Enstrophy dissipation in two-dimensional turbulence

TL;DR

This paper explores enstrophy dissipation in two-dimensional turbulence through an analogy with heat conduction, revealing entropy fluctuations, enstrophy current directions, and a fluctuation symmetry relating cascade probabilities.

Contribution

It introduces an entropy-based framework for understanding enstrophy dissipation, highlighting the nonlocal enstrophy network and the thermodynamic analogy in turbulence.

Findings

Enstrophy current flows from higher to lower T_k, similar to heat transfer.

The enstrophy network is highly nonlocal.

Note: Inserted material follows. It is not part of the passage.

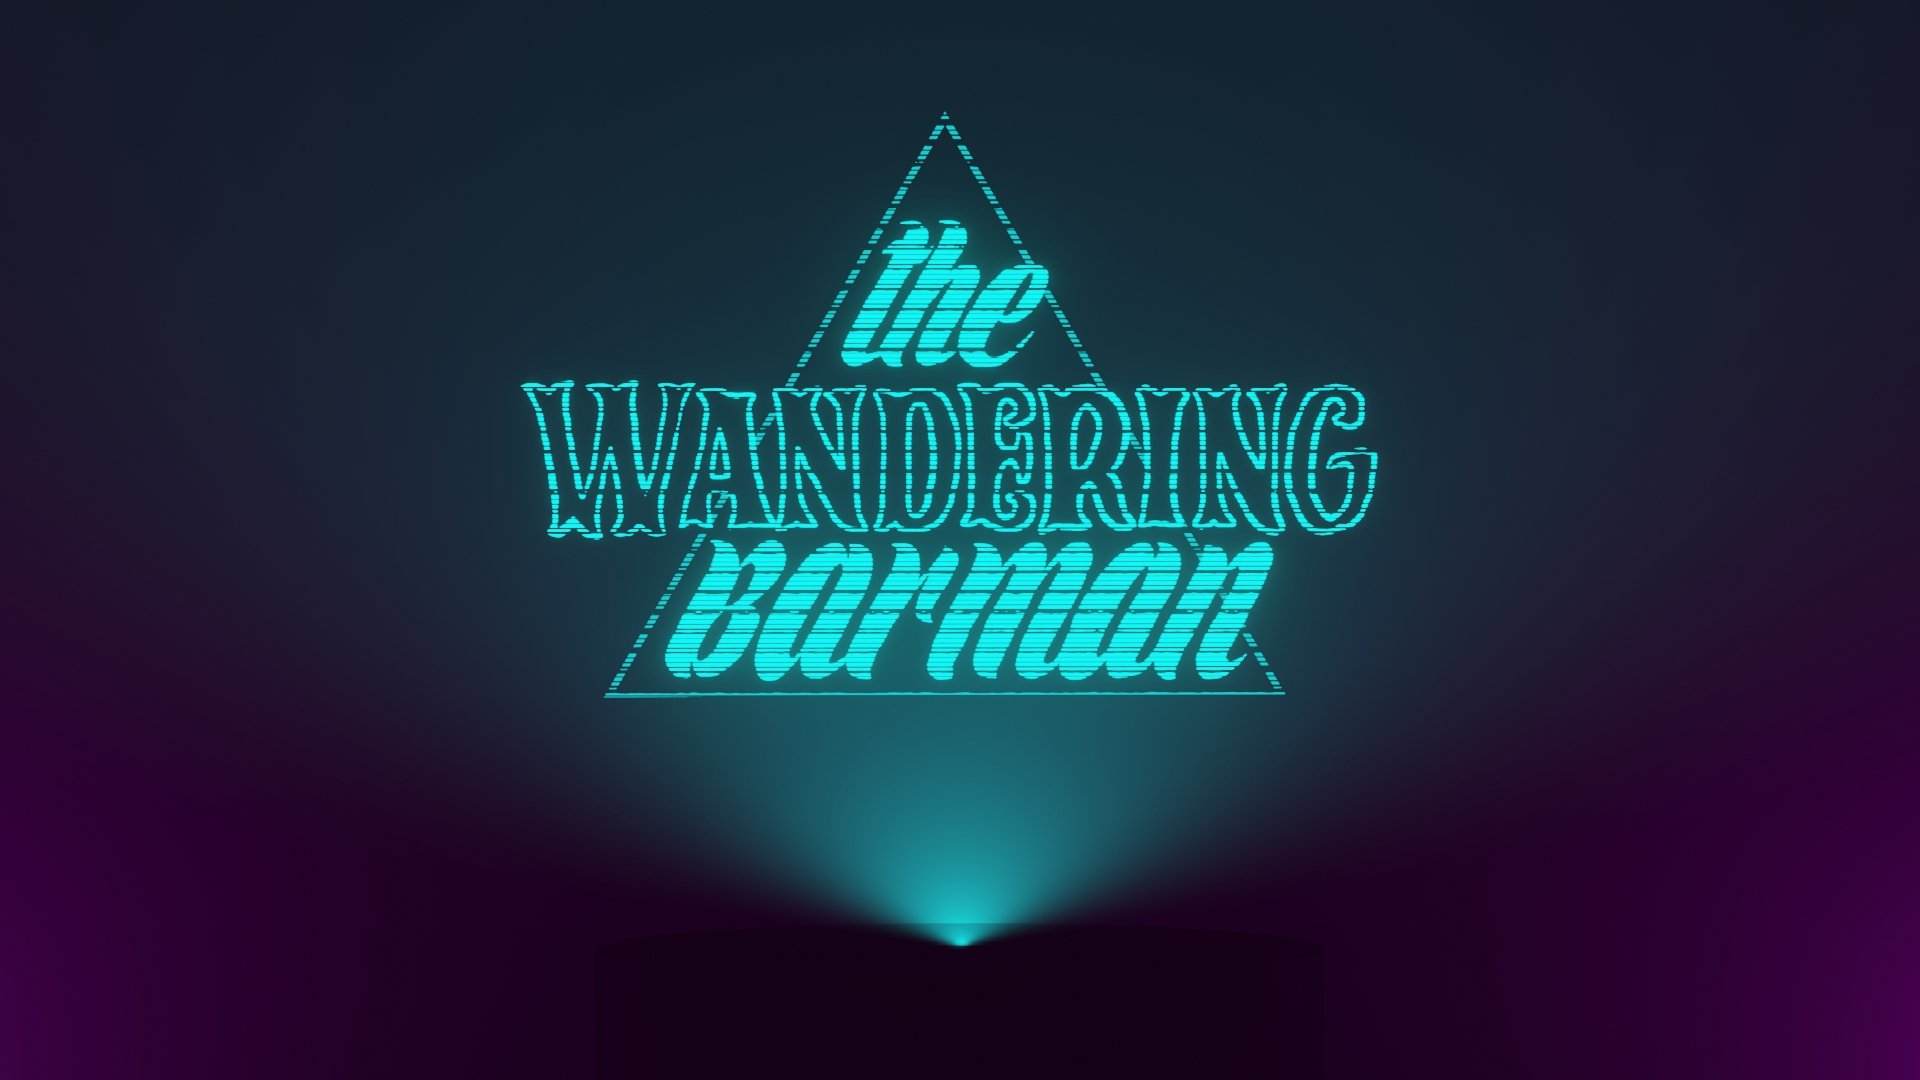 The Wandering Barman

A fluctuation symmetry relates probabilities of direct and inverse cascades.

Abstract

Insight into the problem of two-dimensional turbulence can be obtained by an analogy with a heat conduction network. It allows the identification of an entropy function associated to the enstrophy dissipation and that fluctuates around a positive (mean) value. While the corresponding enstrophy network is highly nonlocal, the direction of the enstrophy current follows from the Second Law of Thermodynamics. An essential parameter is the ratio $T_k = \gamma_k /(\nu k^2)$ of the intensity of driving $\gamma_k>0$ as a function of wavenumber $k$, to the dissipation strength $\nu k^2$, where $\nu$ is the viscosity. The enstrophy current flows from higher to lower values of $T_k$, similar to a heat current from higher to lower temperature. Our probabilistic analysis of the enstrophy dissipation and the analogy with heat conduction thus complements and visualizes the more traditional spectral arguments for the direct enstrophy cascade. We also show a fluctuation symmetry in the distribution of the total entropy production which relates the probabilities of direct and inverse enstrophy cascades.